## What is required
Nothing but the lines from the one with "В одной из квартир" through the end of the material should be retyped, word for word and without pictures.

## Given material
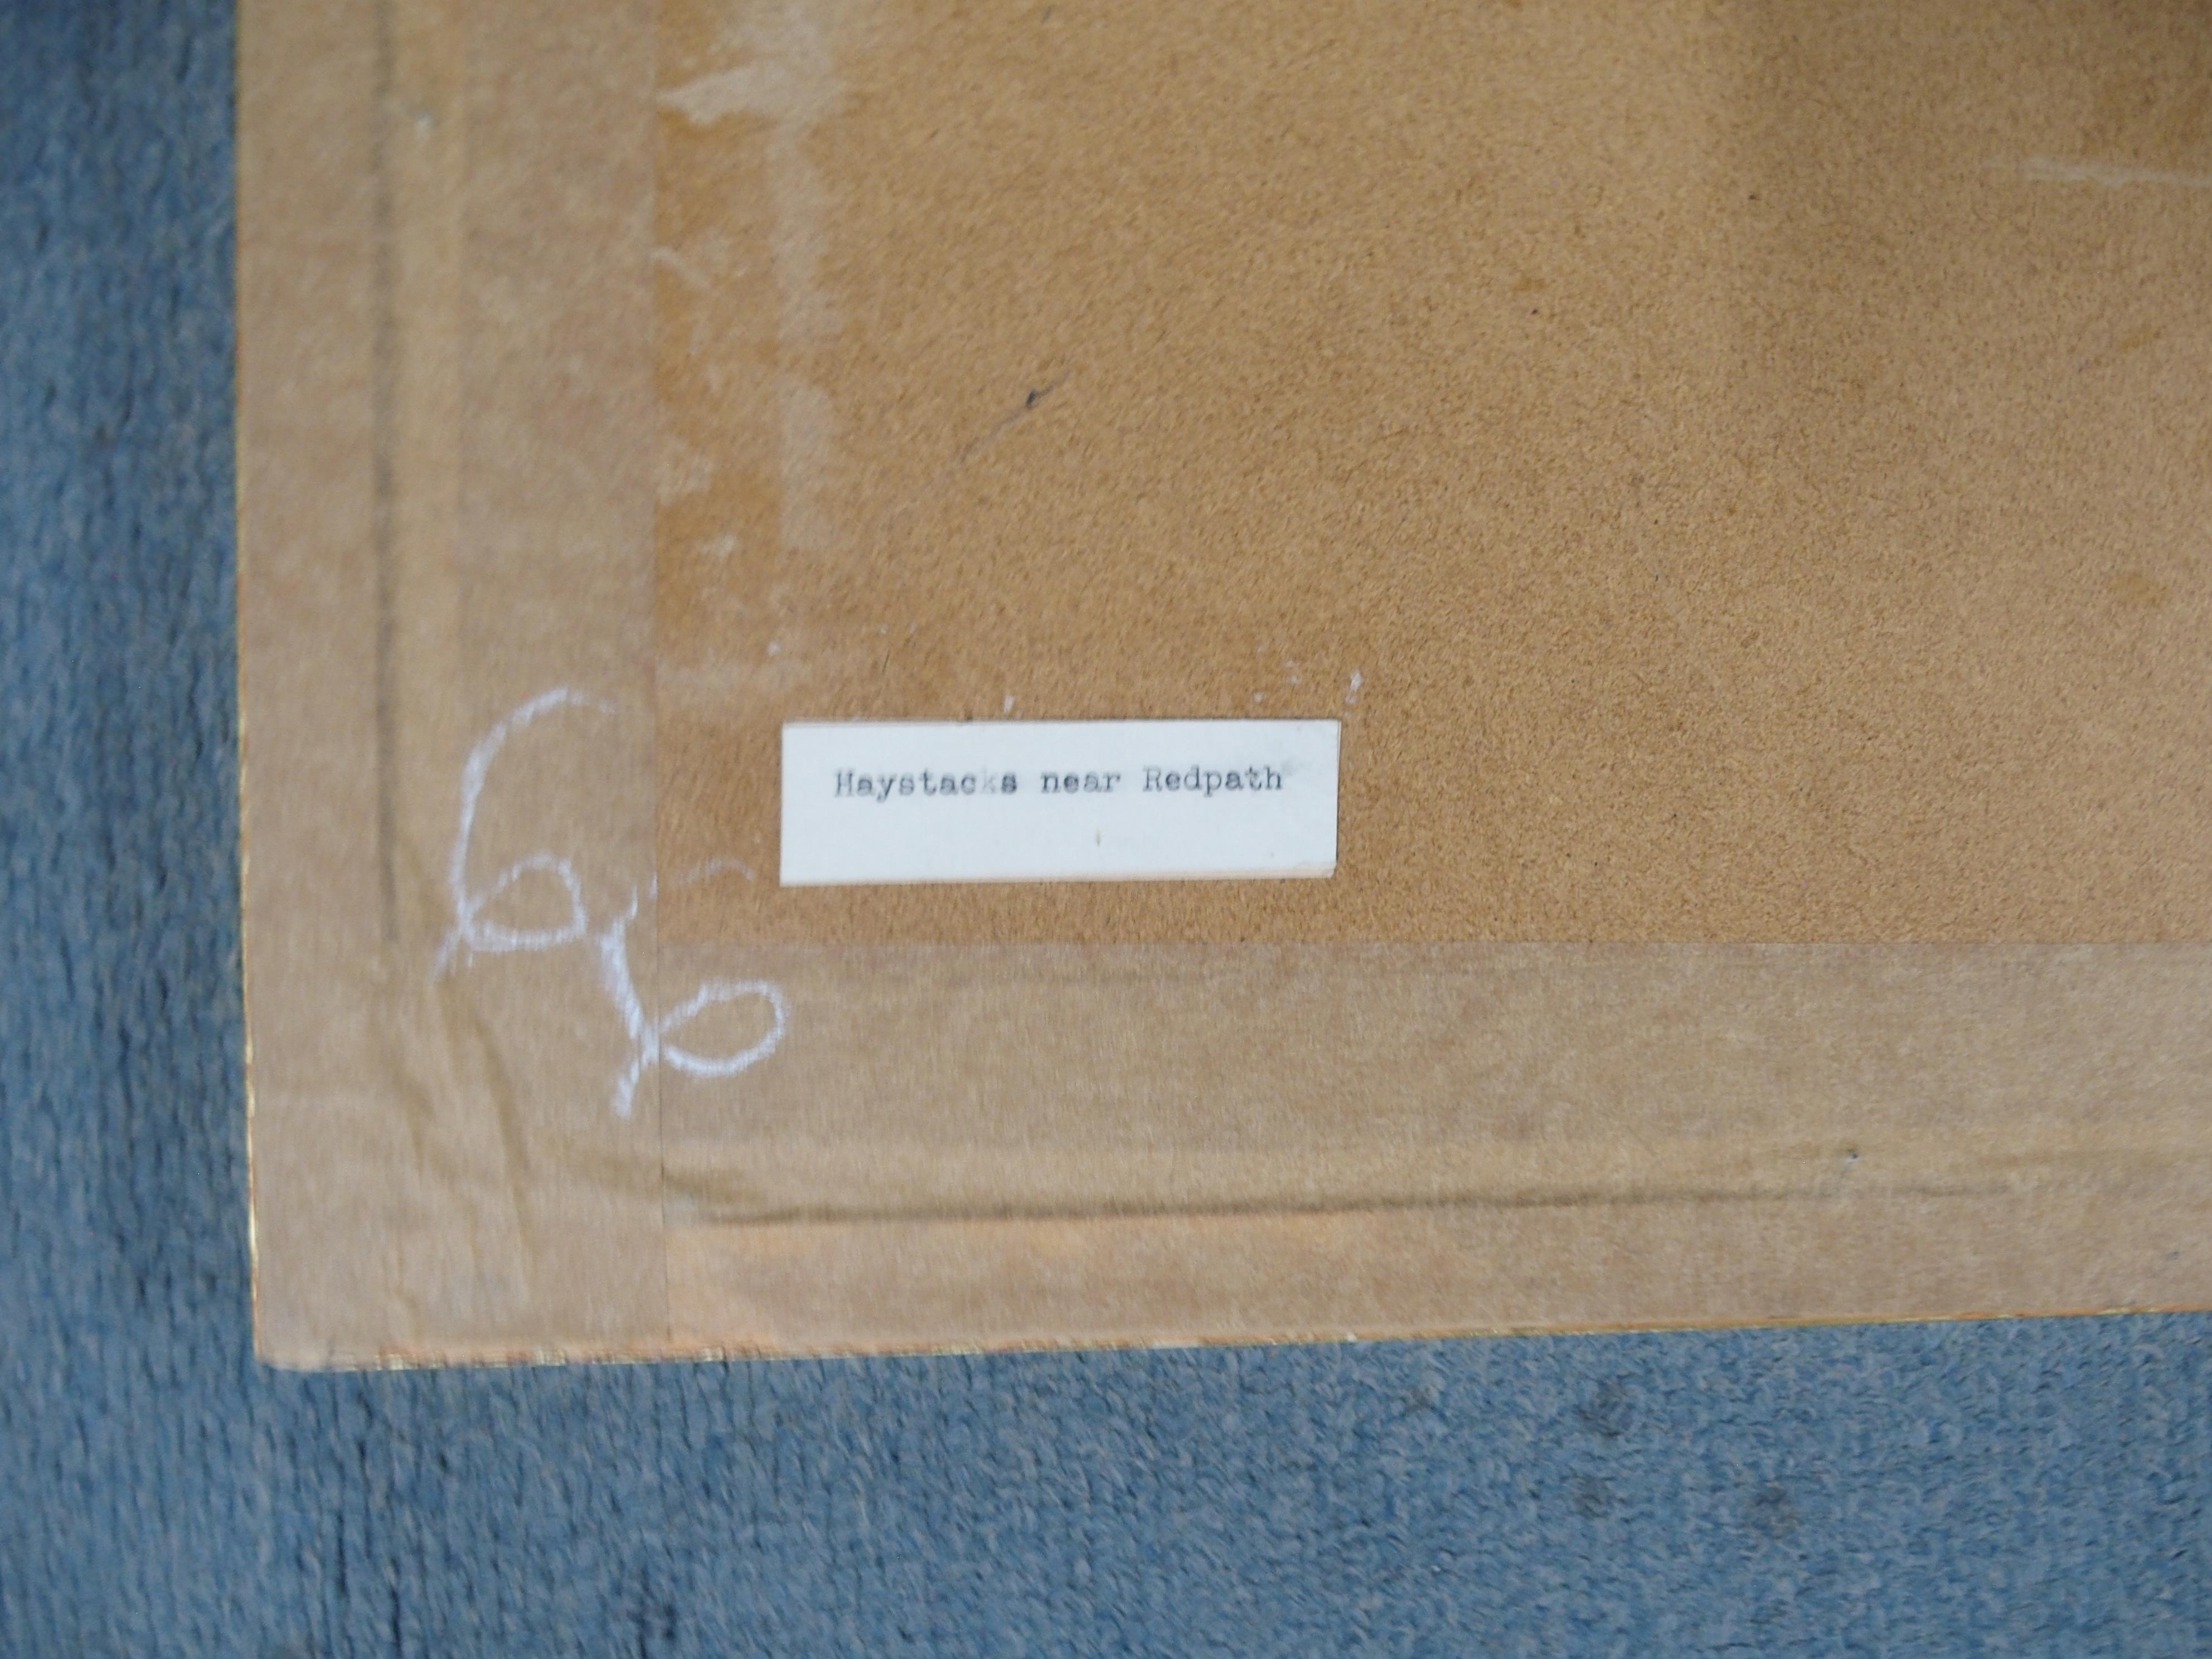 *WITHDRAWN* •EARL HAIG OBE, RSA (SCOTTISH 1918-2009) HAYSTACKS NEAR REDPATH Ink - Image 5 of 5
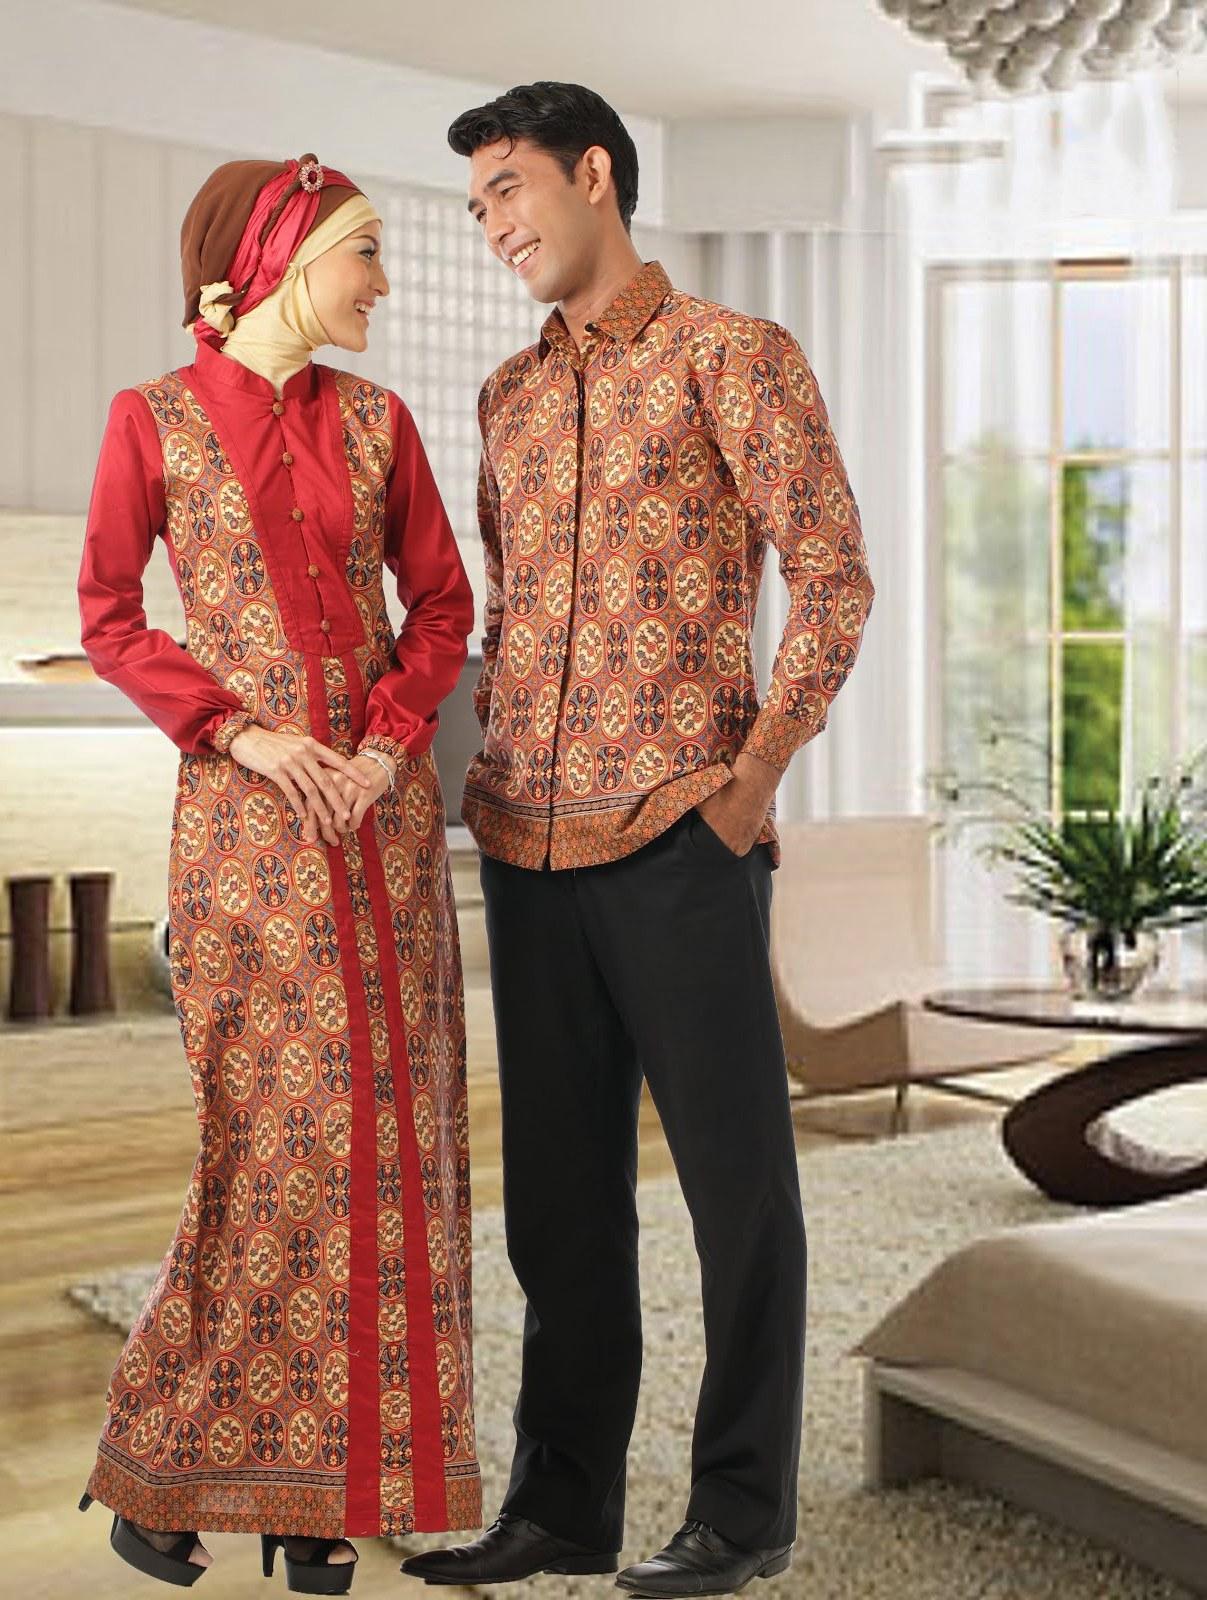 Bentuk Baju Lebaran Wanita Terbaru Kvdd Trend Model Baju Batik Lebaran Terbaru 2013
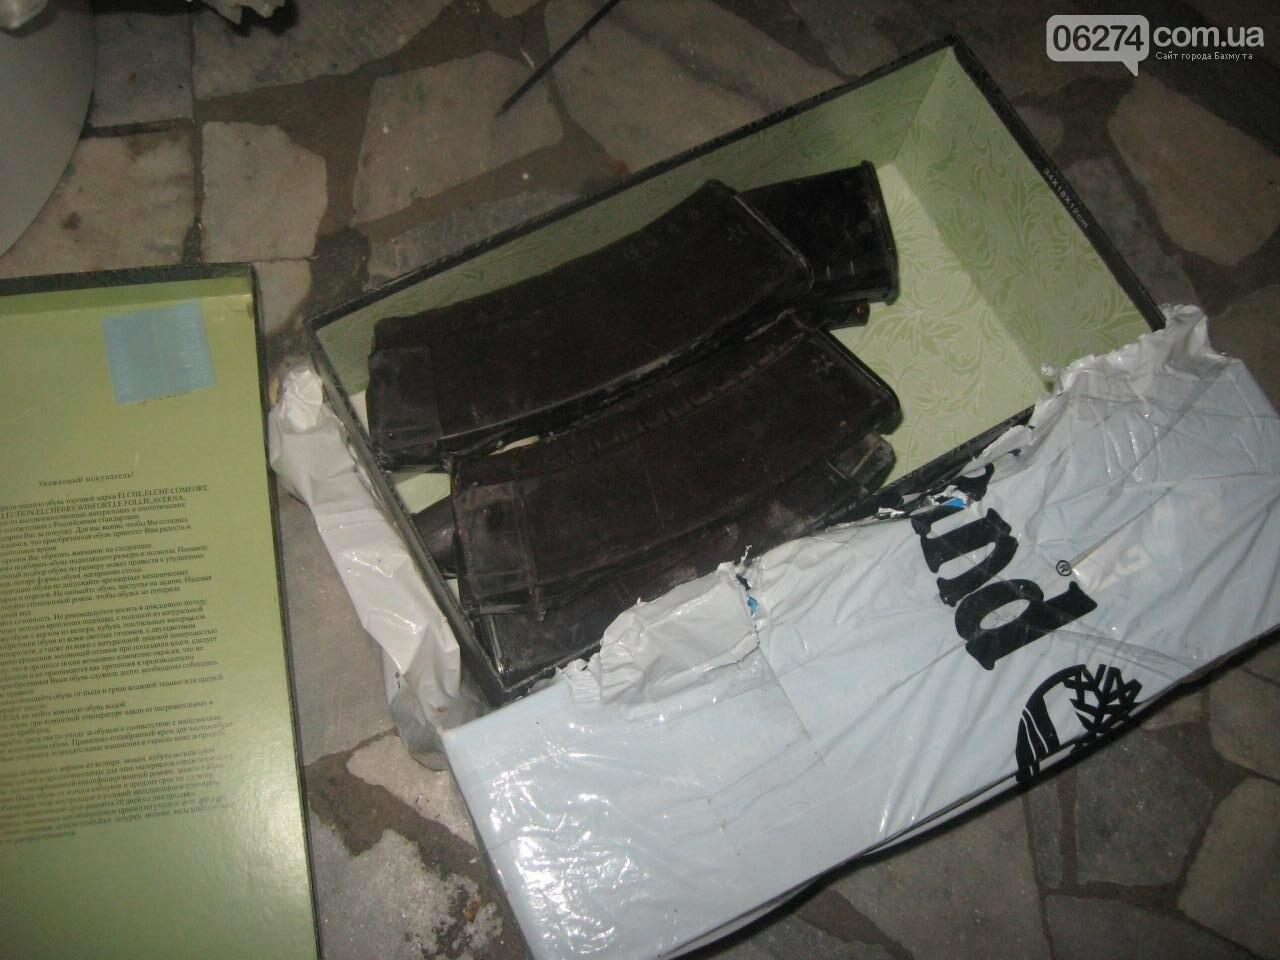 В одной из квартир города бахмутчанин прятал арсенал боеприпасов, фото-1
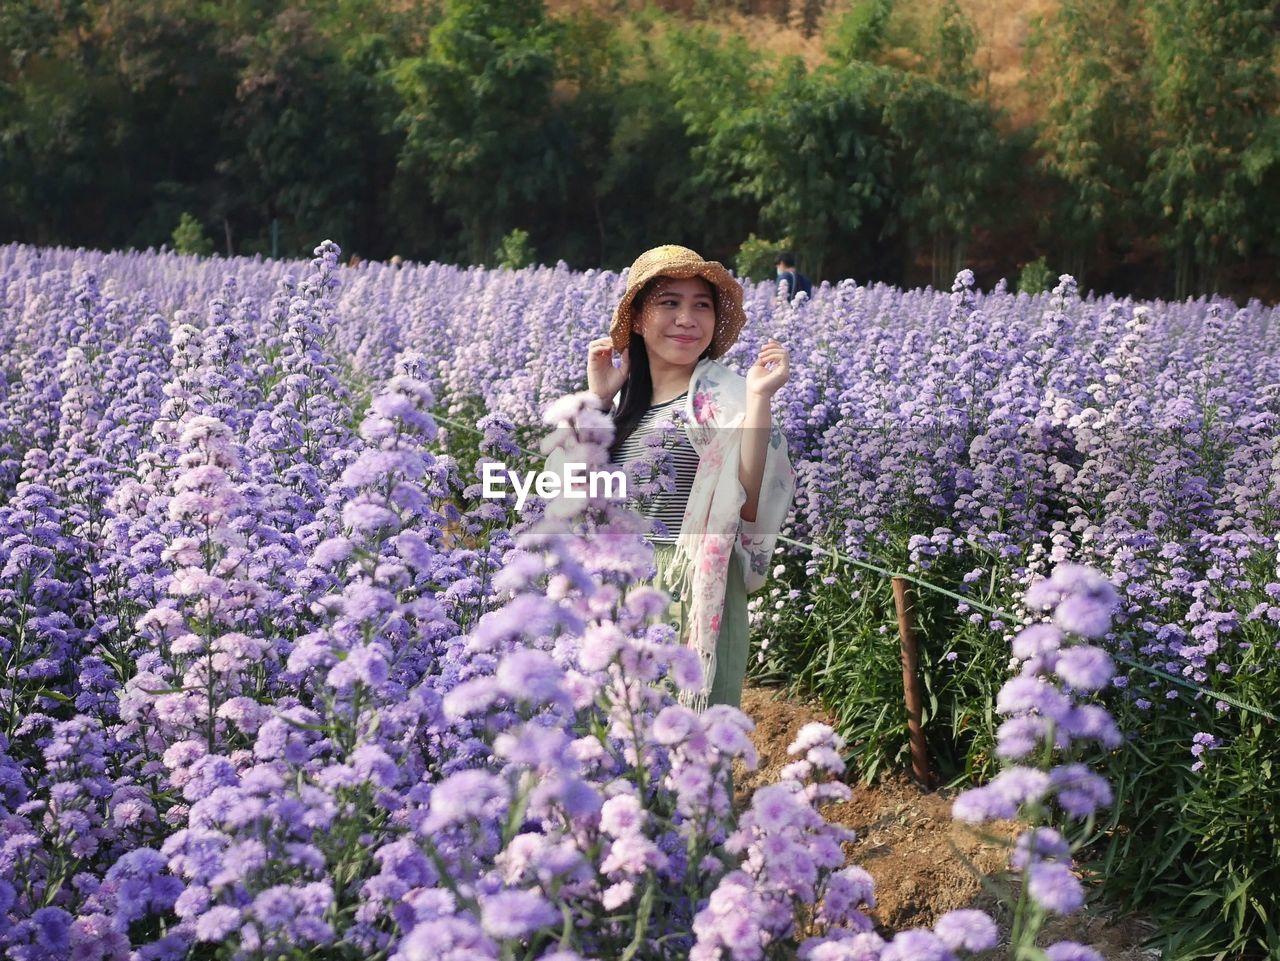 Portrait of woman with purple flowers on plants

## Task response
 В одной из квартир города бахмутчанин прятал арсенал боеприпасов, фото-1
 Portrait of woman with purple flowers on plants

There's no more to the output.